Exercise makes you happier too, which helps when you are dealing with pain.

Things

  • Imak Smart Glove - braces are a bad idea long term, but short term they can help remind you of what is correct and aleviate pain; as you start to feel better, remember to remove them for longer and longer periods of time
  • RPI Trigger wheel - nice to roll on forearms sometimes
  • Ice baths in small rubbermaid trash can - fill with 20 ice cubes and water, alternate time in water and out of water for 10 minutes each water (10 seconds in, 10 out, 1 minute in, 1 out, whatever); key is maybe doing it 3 or 4 times in a night; make sure it is large enough that you can submerge your forearms
  • Desks and Chairs I have bookmarked - honestly though, how I sit on the chair or at the desk makes more of a difference that the specific chair thus far for me. Granted, a better chair may be more comfortable and make sitting properly easier.

Closing Thoughts

I am sure there were other things I researched, but these were the specific things that stuck out. The tl;dr is: exercise, form good habits, take breaks, and relax.

Updates

2014-07-07

I am now using the Microsoft Sculpt Ergonomic desktop. The negative tilt on the keyboard is great. I also dig the chiclet style keys. The mouse is a great angle for my wrist as well.

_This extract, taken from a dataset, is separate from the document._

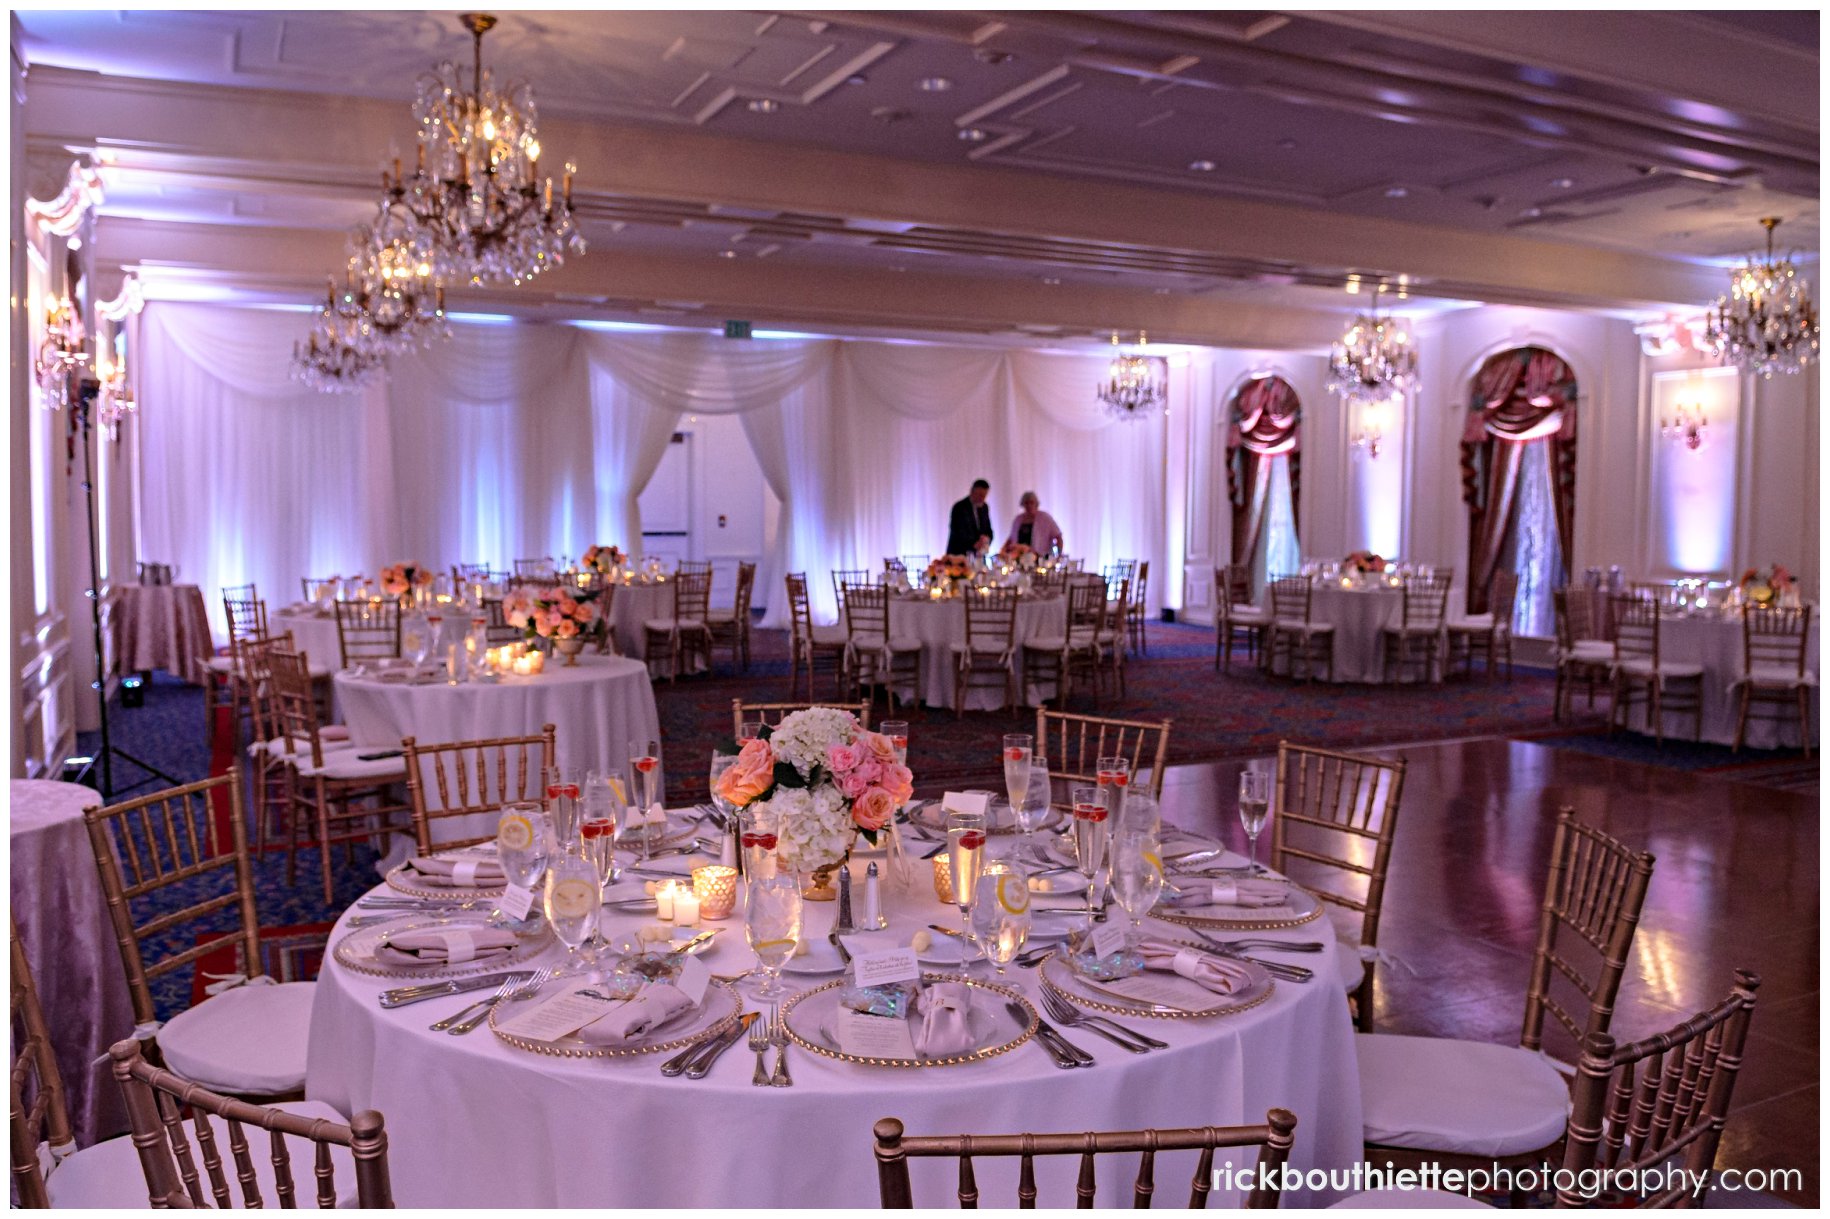 The Grand Ballroom at the Wentworth By The Sea decorated for a wedding reception

In addition to the sculpt, I started using MacBreakZ a few weeks ago. I am pretty sure it has made a bigger difference than any other single thing I have tried. I used other break apps, but they never really helped much. I think the reason is that they just said stop, whereas MacBreakZ gives me stretches to do during the time off. It makes the breaks go quick and I have noticed an improvement in range of motion.

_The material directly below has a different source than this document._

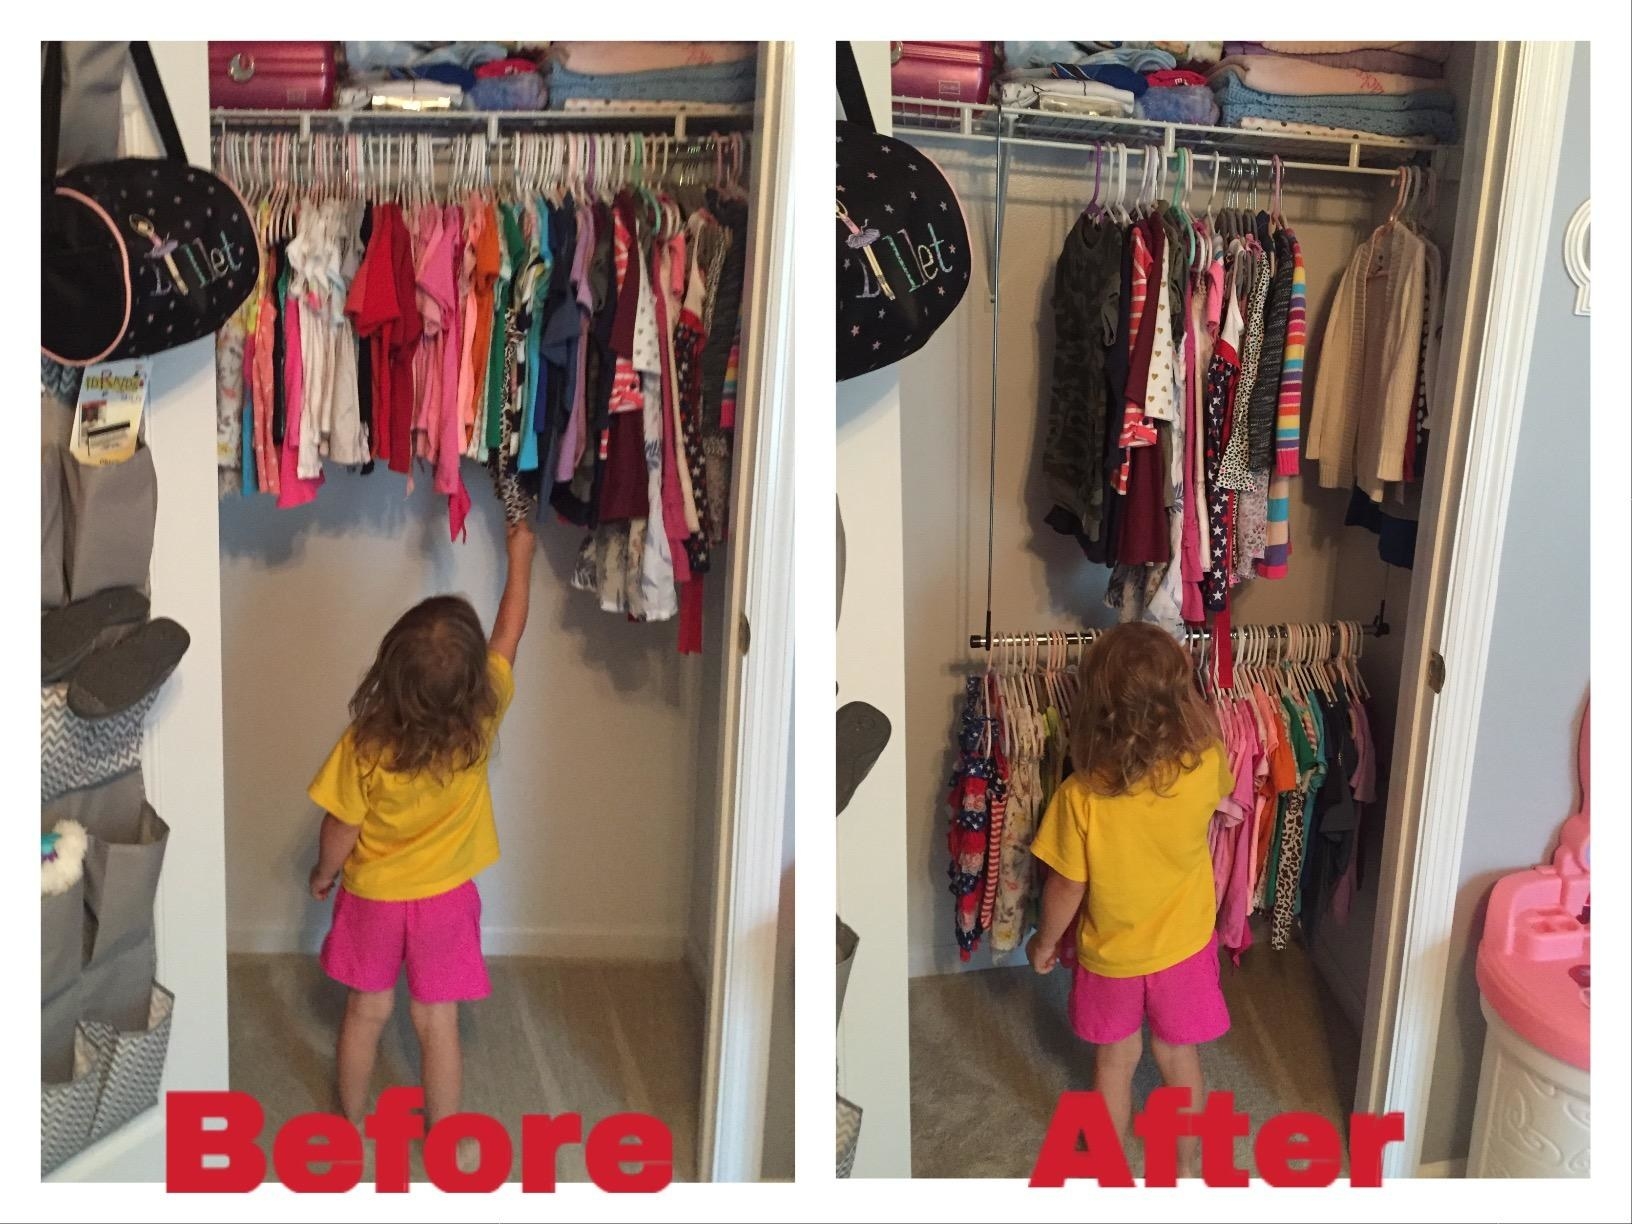 A child is shown reaching for clothing in the closet

I use it with microbreaks turned on and I have it set to 30 minutes on with 5 minute breaks. At first the microbreaks were brutal, but after a few days I began to enjoy them. Be sure to Toggle the Activity Window on. As you type and click more, it moves a meter towards yellow and finally red to warn you.

While the sculpt helped, I still had some pain on the outside of my hands. Since I’ve been using MacBreakZ, I have had little to no pain, as long as I obey the breaks and do the stretches. I highly recommend giving MacBreakZ a real go.